Il s’agit plus de visites familiales que de tourisme. L’Algérie reçoit en tout cas nettement moins de touristes que ses voisins immédiats pour lesquels le tourisme constitue un secteur clé de l’économie.

Le Maroc reçoit près de 12 millions de touristes par an et réalise des recettes annuelles d’environ 60 milliards de dirhams (5,6 milliards d’euros), soit 8 à 10% de son PIB.

En Tunisie, visitée par environ 9 millions de touristes, le secteur emploie 100 000 personnes directement et 290 000 indirectement et contribue à hauteur de 14% du PIB.

L’Algérie ne dispose pas de chiffres précis concernant l’économie du secteur. Il y a néanmoins un indicateur qui ne trompe pas : les instances internationales spécialisées ne la mettent pas dans le top 100 des destinations touristiques mondiales.

Pour un pays qui a la plus grande superficie d’Afrique, 1200 kilomètres de côtes sur la Méditerranée, la mer la plus tempérée au monde, les vestiges de 10 000 ans d’histoire, il y a forcément un problème.

Les atouts touristiques de l’Algérie sont innombrables : monuments, gravures rupestres, théâtres romains, ksour, oasis, montagnes enneigées une partie de l’année, plages, vieilles villes, diversité culturelle, gastronomie.

La cuisine algérienne vient tout juste d’être classée 26e au monde par un organisme international, devançant celles des autres pays du Maghreb et du monde arabe et presque toutes les gastronomies d’Afrique.

Aberration

Même les infrastructures d’accueil existent. Les dernières statistiques font état d’un parc hôtelier de 140 000 lits. Le pays est aussi doté d’aéroports, de ports et d’un réseau routier parmi les plus denses et les plus modernes en Afrique.

Dans leur quête de diversifier l’économie, les autorités algériennes tiennent dans le tourisme un secteur prêt à l’exploitation et dont les dividendes peuvent donc être immédiats. Il n’y a rien à créer, ni presque rien à investir.

Mais la part rachitique du tourisme dans l’économie ne bouge pas année après année, malgré les promesses et les annonces en grande pompe.

« Le pays est immense, certainement, le 10e plus grand au monde par sa superficie. Mais aussi il est obscur, caché derrière des barrières à la fois géographiques et artificielles », résume un journaliste du Washington Post qui a réalisé un reportage sur l’Algérie.

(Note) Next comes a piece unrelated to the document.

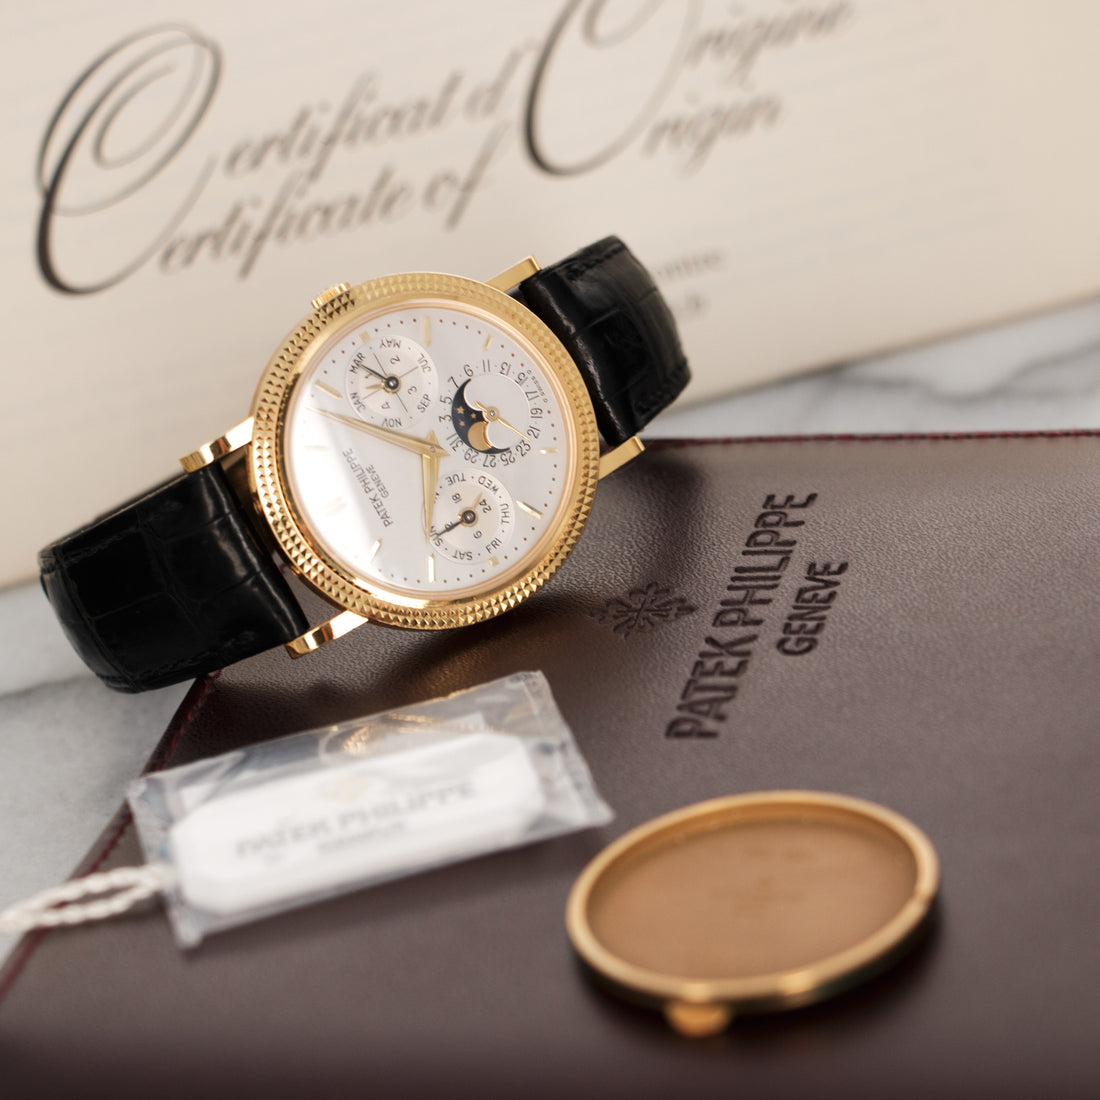 Patek Philippe Yellow Gold Perpetual Calendar Automatic Watch Ref. 5039

Ces barrières sont même plus « artificielles » que « géographiques ». Les professionnels du secteur et autres spécialistes s’accordent à pointer d’abord un déficit de valorisation de la destination Algérie.

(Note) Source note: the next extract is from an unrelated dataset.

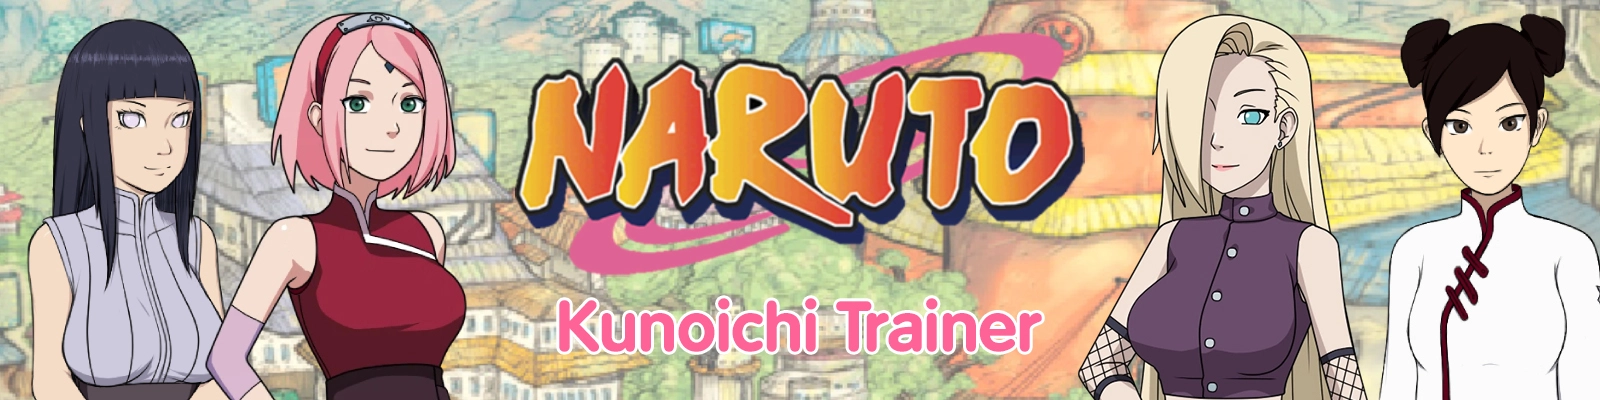 Naruto: Kunoichi Trainer [v0.12.3] main image

Autrement dit, très peu d’efforts sont consentis pour la faire connaître. Sur les réseaux sociaux, les vidéos faisant l’éloge ou  décrivant les atouts du pays sont de plus en plus nombreuses depuis quelques années.

Elles sont le plus souvent l’œuvre de créateurs de contenus ou de simples touristes de retour d’Algérie et émerveillés par ce qu’ils ont vu ou goûté.

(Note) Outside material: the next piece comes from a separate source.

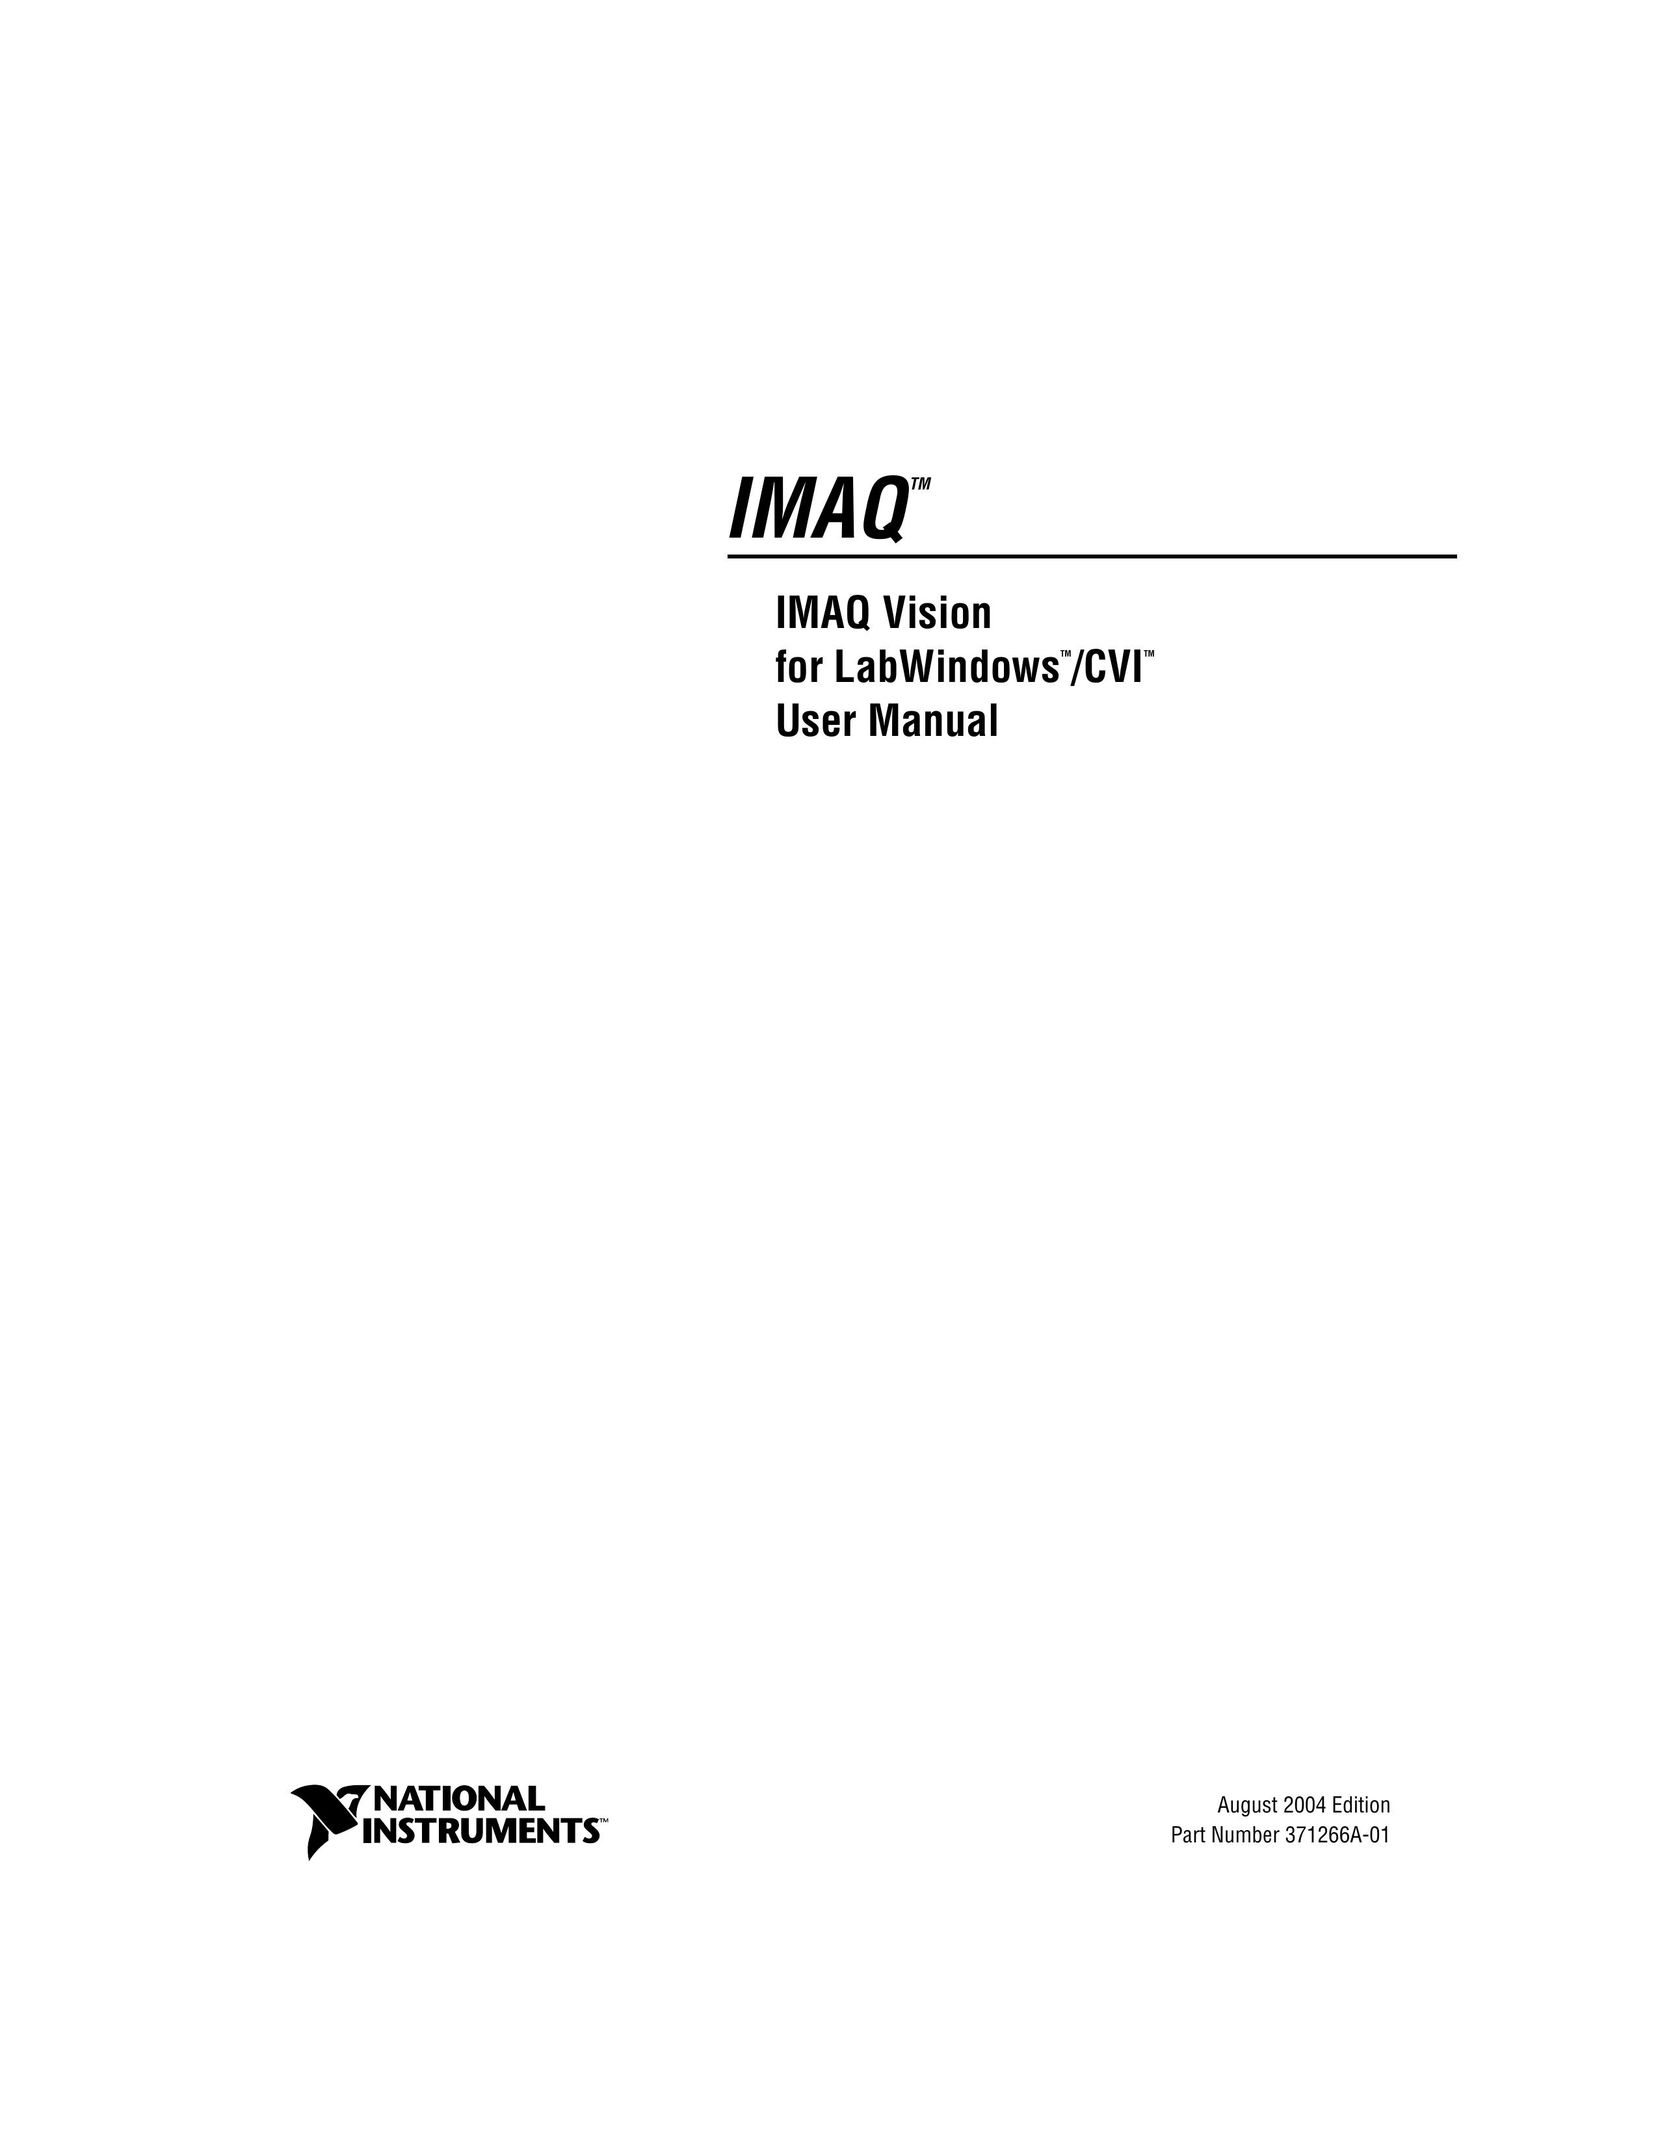 National Instruments IMAQ Vision for LabWindows TM /CVI Network Card User Manual

Les instances dont la mission est de faire connaître la destination font très peu dans ce sens. Néanmoins, il ne suffit pas d’être au courant de la destination et de vouloir s’y rendre.

Il faut aussi pouvoir y aller. Car l’autre barrière, réellement artificielle, c’est la difficulté pour les touristes étrangers d’obtenir un visa d’entrée pour l’Algérie, en plus de la cherté des billets d’avion.

Une aberration pour un pays qui, officiellement, cherche à développer son tourisme. Le témoignage récent d’un youtubeur égyptien, venu pourtant contribuer à faire connaître les atouts de l’Algérie à ses concitoyens et à ses followers dans le monde arabe, est édifiant.

Obtenir un visa pour l’Algérie est quasiment une mission impossible, regrette-t-il, au moment où son pays, destination touristique mondiale par excellence, accorde le visa aux Algériens « entre 48h et 5 jours ».